• **Given information**:
-- Opening Marker --

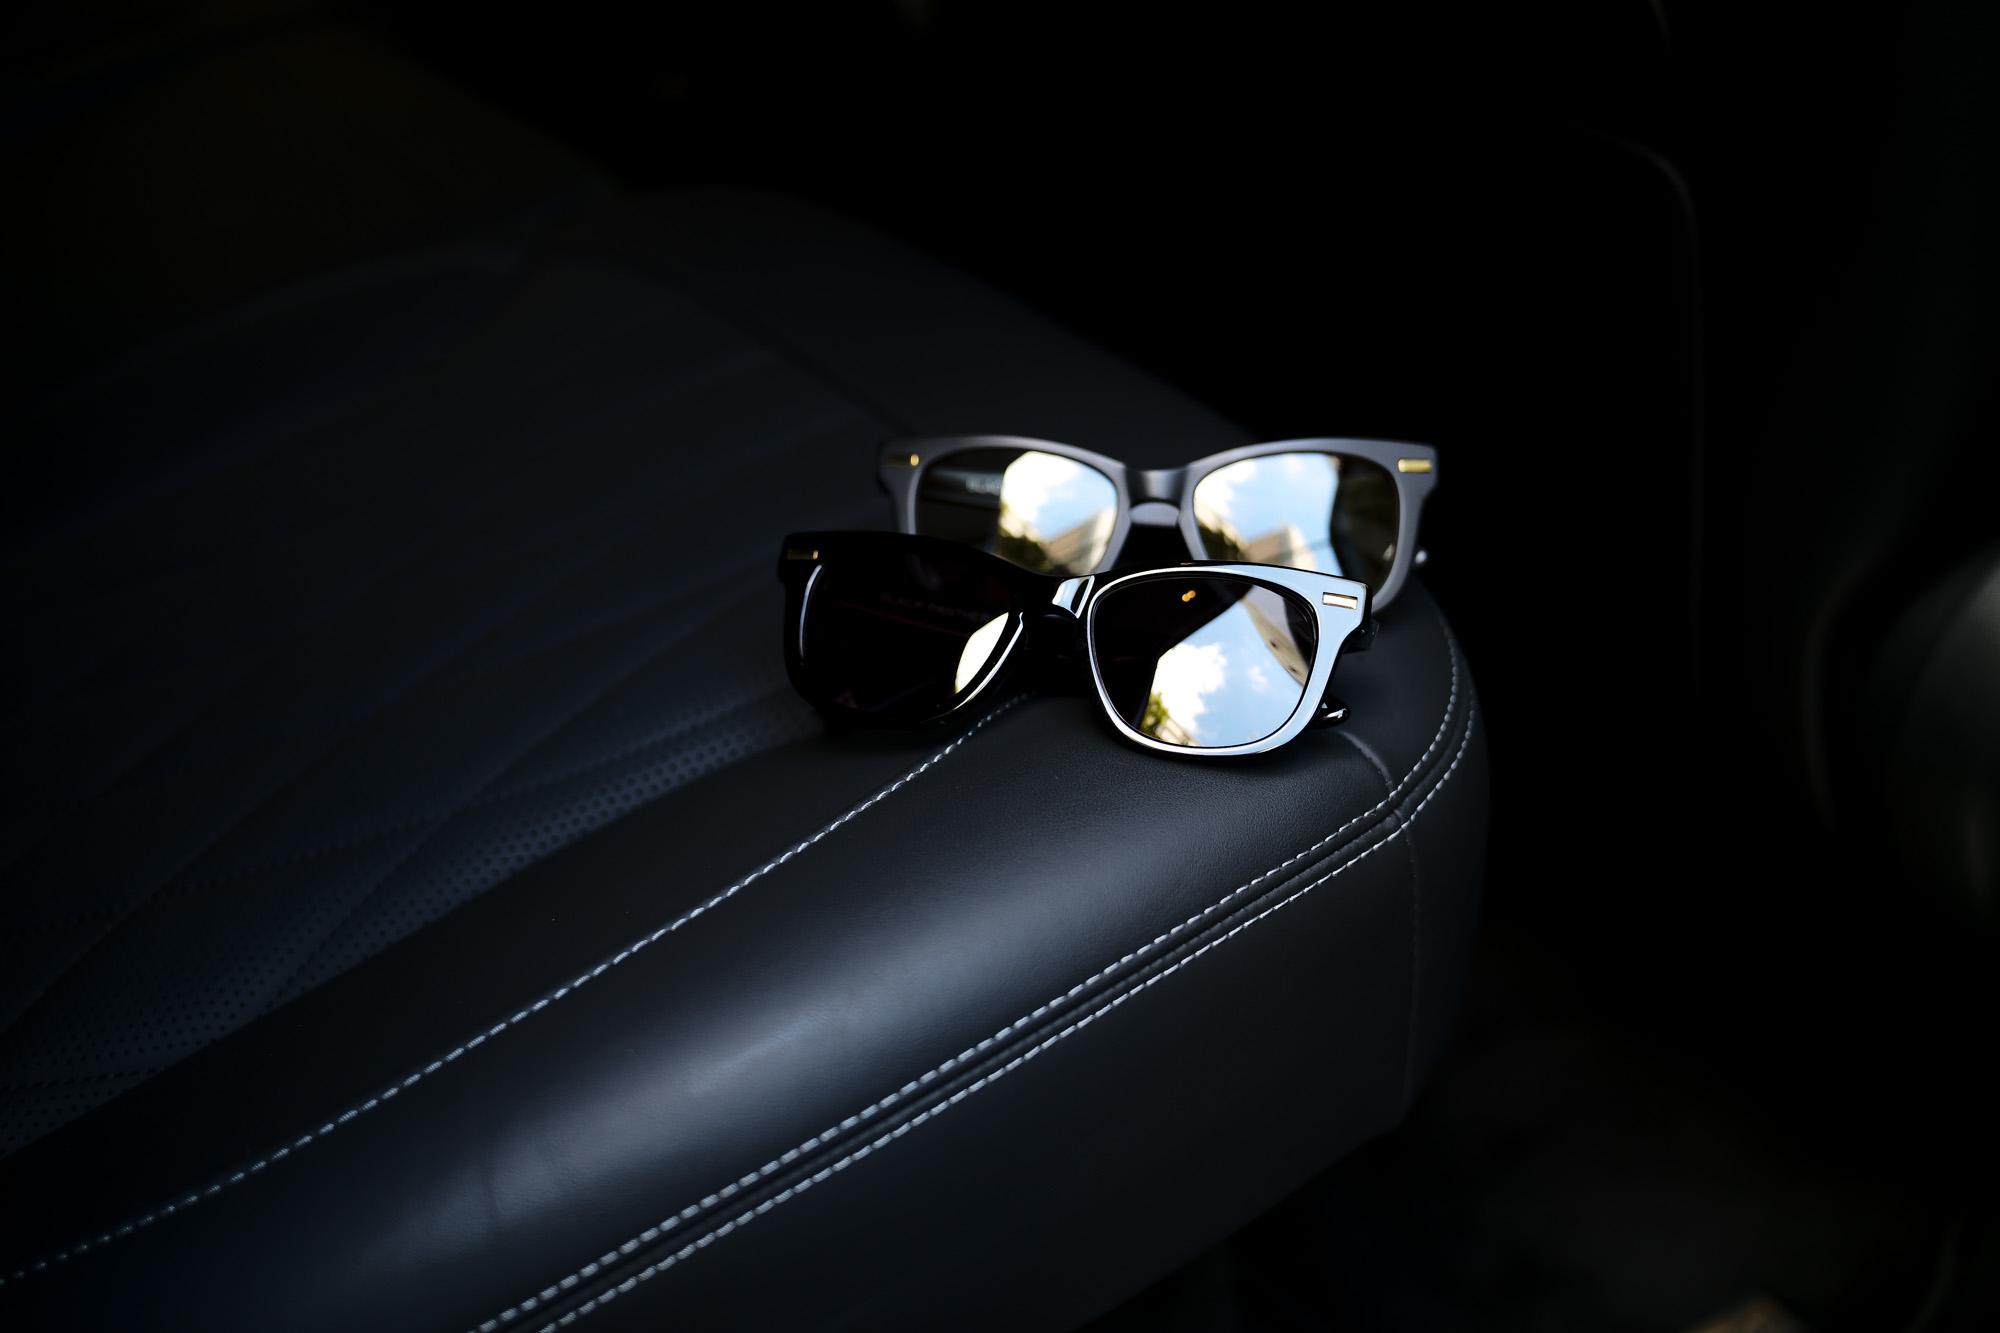 FIXERフィクサー BLACK PANTHERブラックパンサー 18K GOLD サングラス MATTE BLACK マットブラック 愛知 名古屋 Alto e Diritto アルトエデリット 眼鏡 グラサン 18Kゴールド スペシャルモデル sunglasses
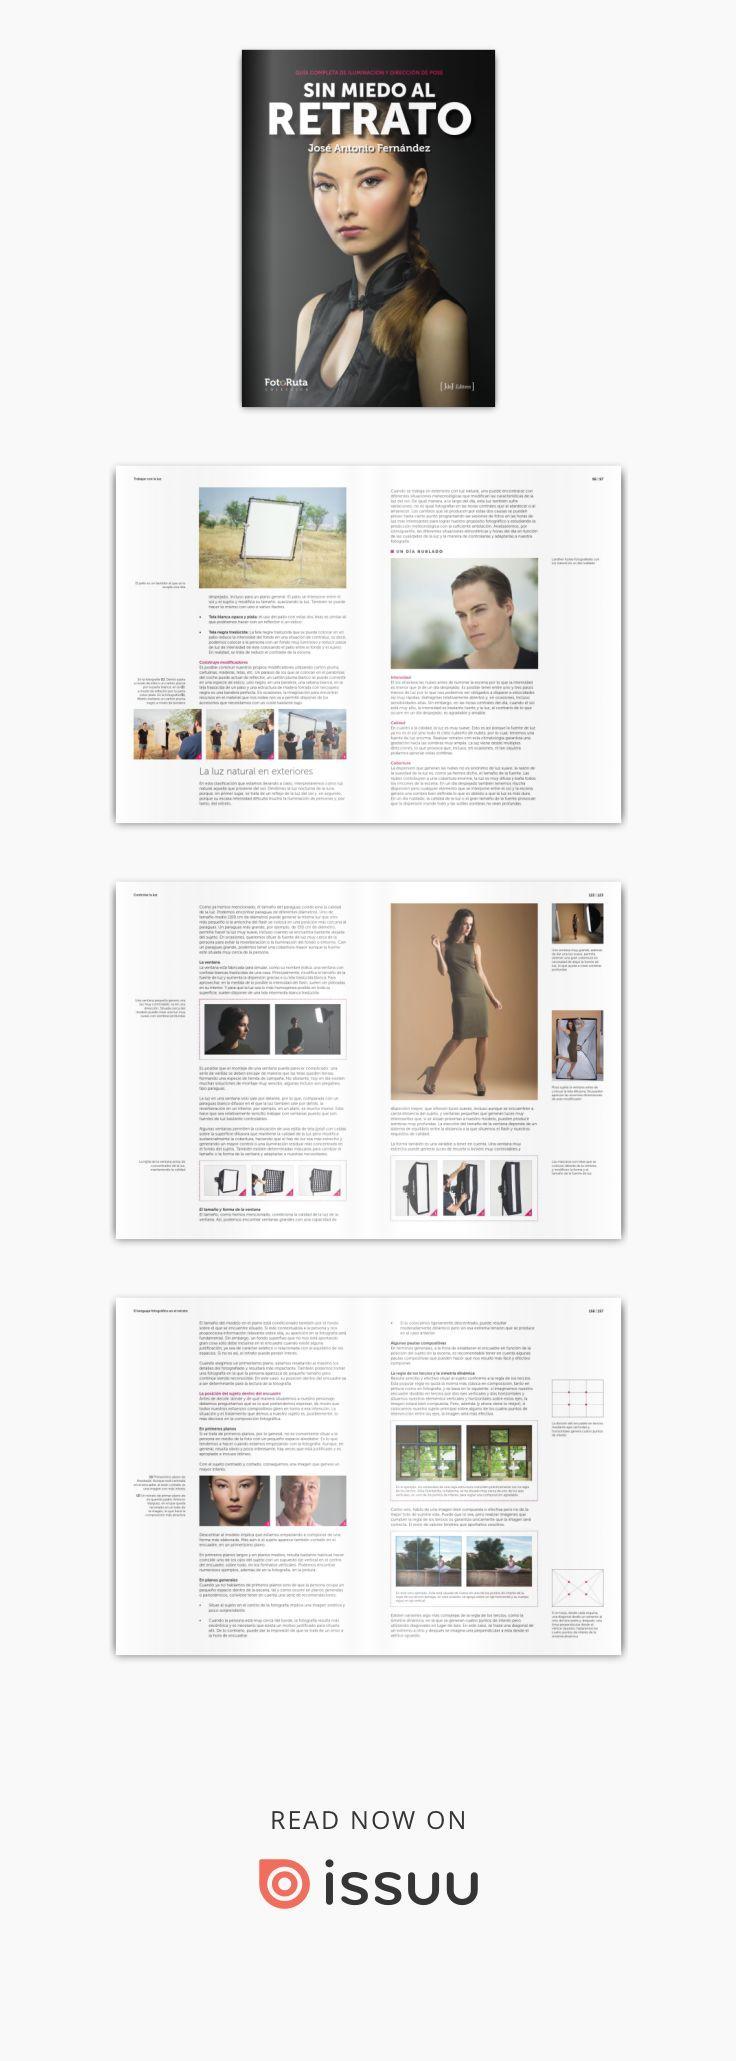 """José Antonio Fernández, autor del exitoso libro """"Sin miedo al flash"""", ya en su 6ª edición, nos ofrece ahora una obra que aborda en profundidad los aspectos fundamentales del retrato, como son la iluminación y la pose. esta completa guía muestra también, con numerosos ejemplos, los ángulos de toma y los diferentes planos fotográficos, así como la composición en el arte de la fotografía de personas. Se incluyen además una gran variedad de sesiones fotográficas comentadas con esquemas..."""
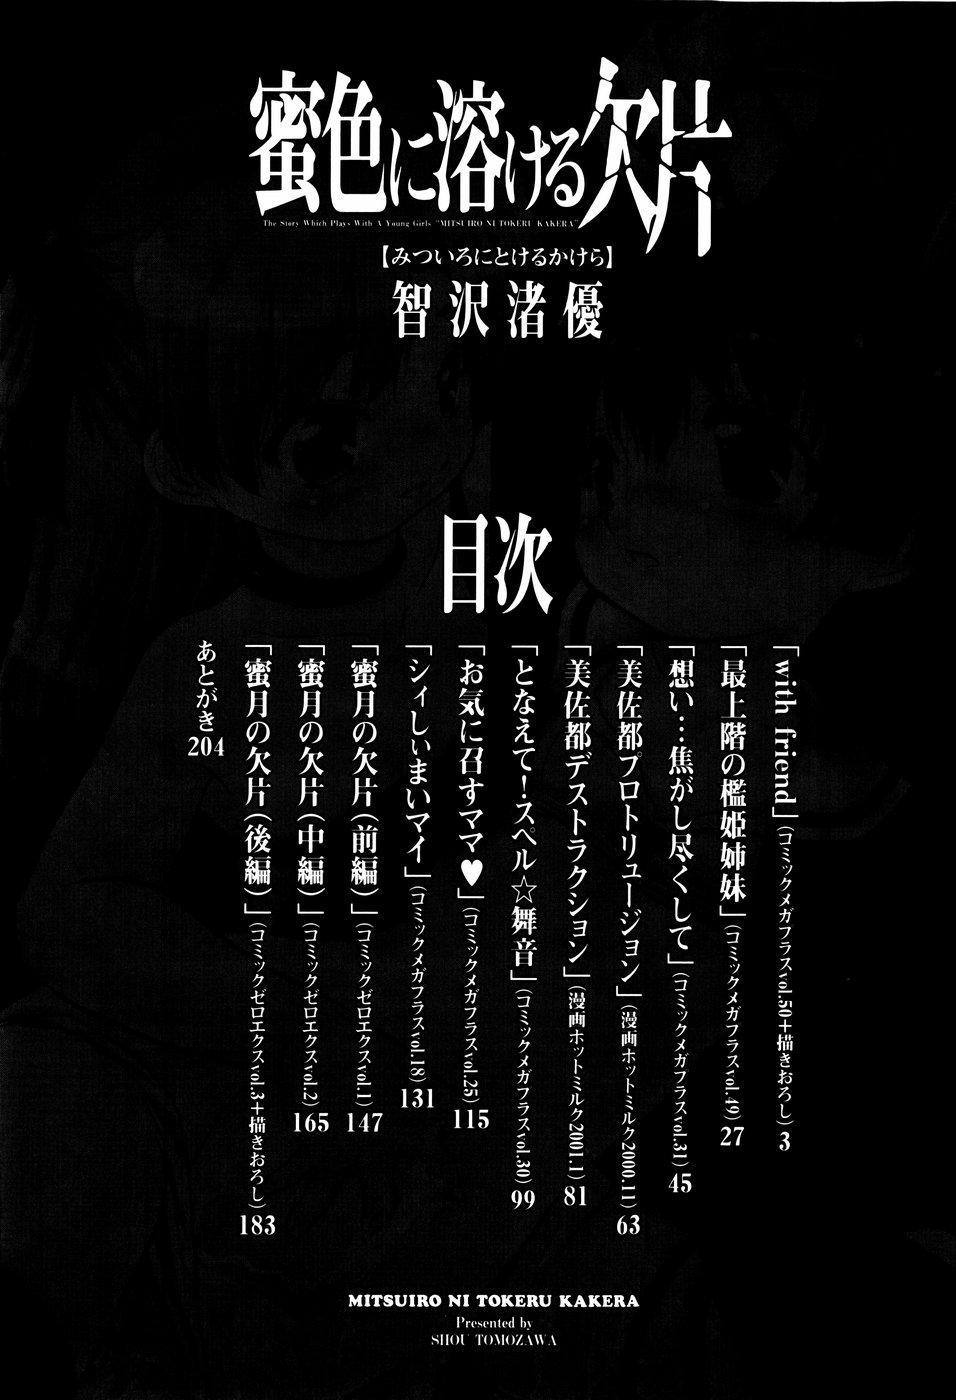 Mitsuiro Ni Tokeru Kakera 206

-- Closing Marker --

• **Instructions for the task**: Omit the pictures. Repeat the rest of the data exactly.

• **Response to the exercise**:
 FIXERフィクサー BLACK PANTHERブラックパンサー 18K GOLD サングラス MATTE BLACK マットブラック 愛知 名古屋 Alto e Diritto アルトエデリット 眼鏡 グラサン 18Kゴールド スペシャルモデル sunglasses
 """José Antonio Fernández, autor del exitoso libro """"Sin miedo al flash"""", ya en su 6ª edición, nos ofrece ahora una obra que aborda en profundidad los aspectos fundamentales del retrato, como son la iluminación y la pose. esta completa guía muestra también, con numerosos ejemplos, los ángulos de toma y los diferentes planos fotográficos, así como la composición en el arte de la fotografía de personas. Se incluyen además una gran variedad de sesiones fotográficas comentadas con esquemas..."""
 Mitsuiro Ni Tokeru Kakera 206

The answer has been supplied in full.